The Scranton Republican, Scranton, jeudi 5 novembre 1896, p. 3
La troupe se rend ensuite à Elizabeth.
1897
L'animatoscope de Lyman D. Howe (Enterprise Hall, 27 janvier 1897)
Lyman D. Howe présente l'animatoscope à l'Enterprise Hall :
JERMYN AND MAYFIELD
The animatoscope and phonograph entertainment to be given this evening under the auspices of the Crystal Fire company in Enterprise hall promises to be one of the most successful entertainments of the season. *The Sun" of Danville recommends the entertainment in the following:
"Prof. Lyman D. Howe gave a highly interesting entertainment in the Opera house last made up of remarkable life-motion pictures of the animatoscope and a large number of very catchy selections from the phonograph reproduced from distinguished singers, orchestras, impersonators, etc., performing on the metropolitan stage. By means of a funnel-shaped appliance attached to the phonograph every selection reproduced was to be heard distinctly in all parts of the house. The audience derived much enjoyment from the realistic sounds issuing from the phonograph and expressed their appreciation by frequent applauses. It was the animatoscope, however, that was looked forward to with the greatest interest, as it was the first appearance here of this new and novel invention. Nor was the audience disappointed.

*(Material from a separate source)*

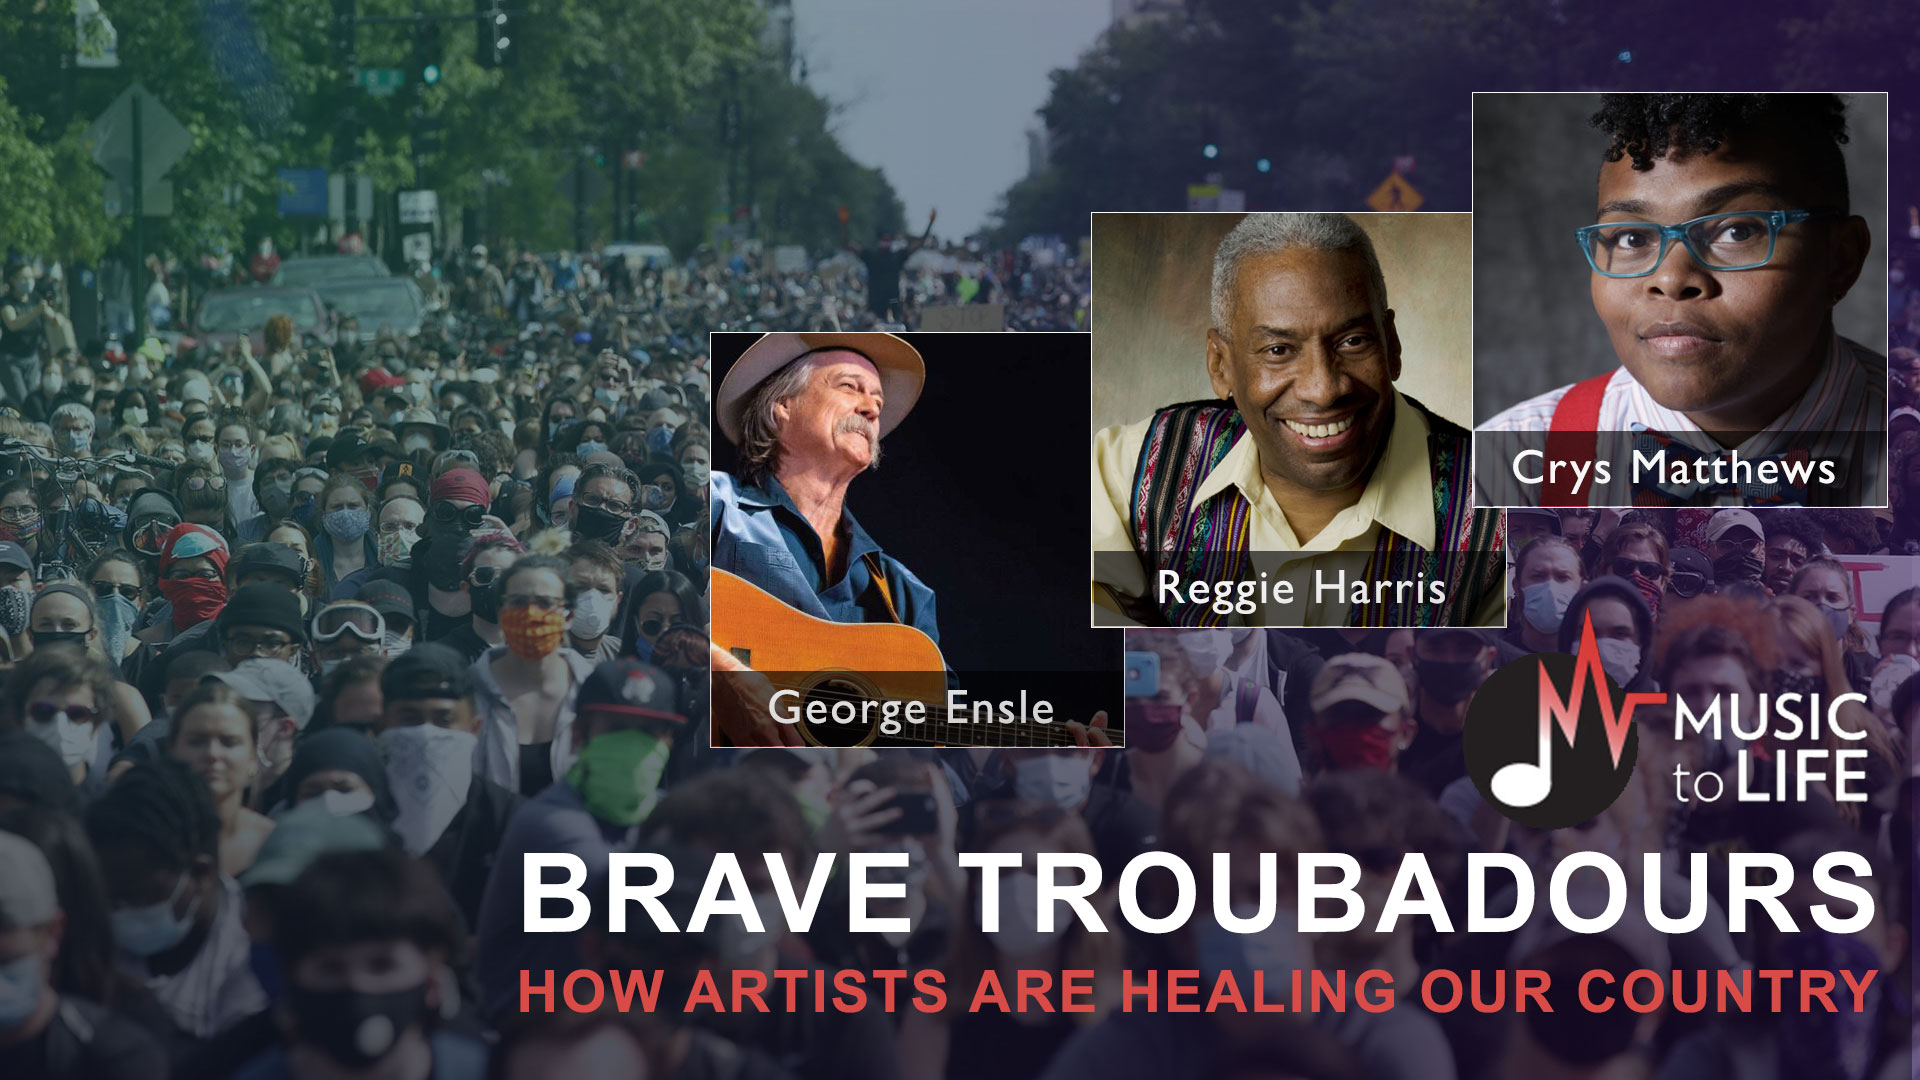 Brave Troubadours: January 14, 2021

On a large screen in the rear of the stage, scene after scene was reproduced from real life, the objects going through with their natural lite-movements. There were fire scenes, in which the smoke was seen to suddenly escape in a volley as the door of the burning building was opened, while several horses one after other came galloping out from the flames-scenes in which the fire engine rattled by to the scene of the fire and later of the fire itself with firemen on a ladder receiving from an upper window children in their night clothes who in succession they passed to the ground. There were a great variety of scenes many of them amusing, the phonograph reproducing the sounds suited to the action in the picture. The performance closed with a view of the ocean, the swelling breakers rolling in to the shore, carrying with them all the awe and sublimity of the original."
The Scranton Tribune, Scranton, mercredi 27 janvier 1897, p. 8.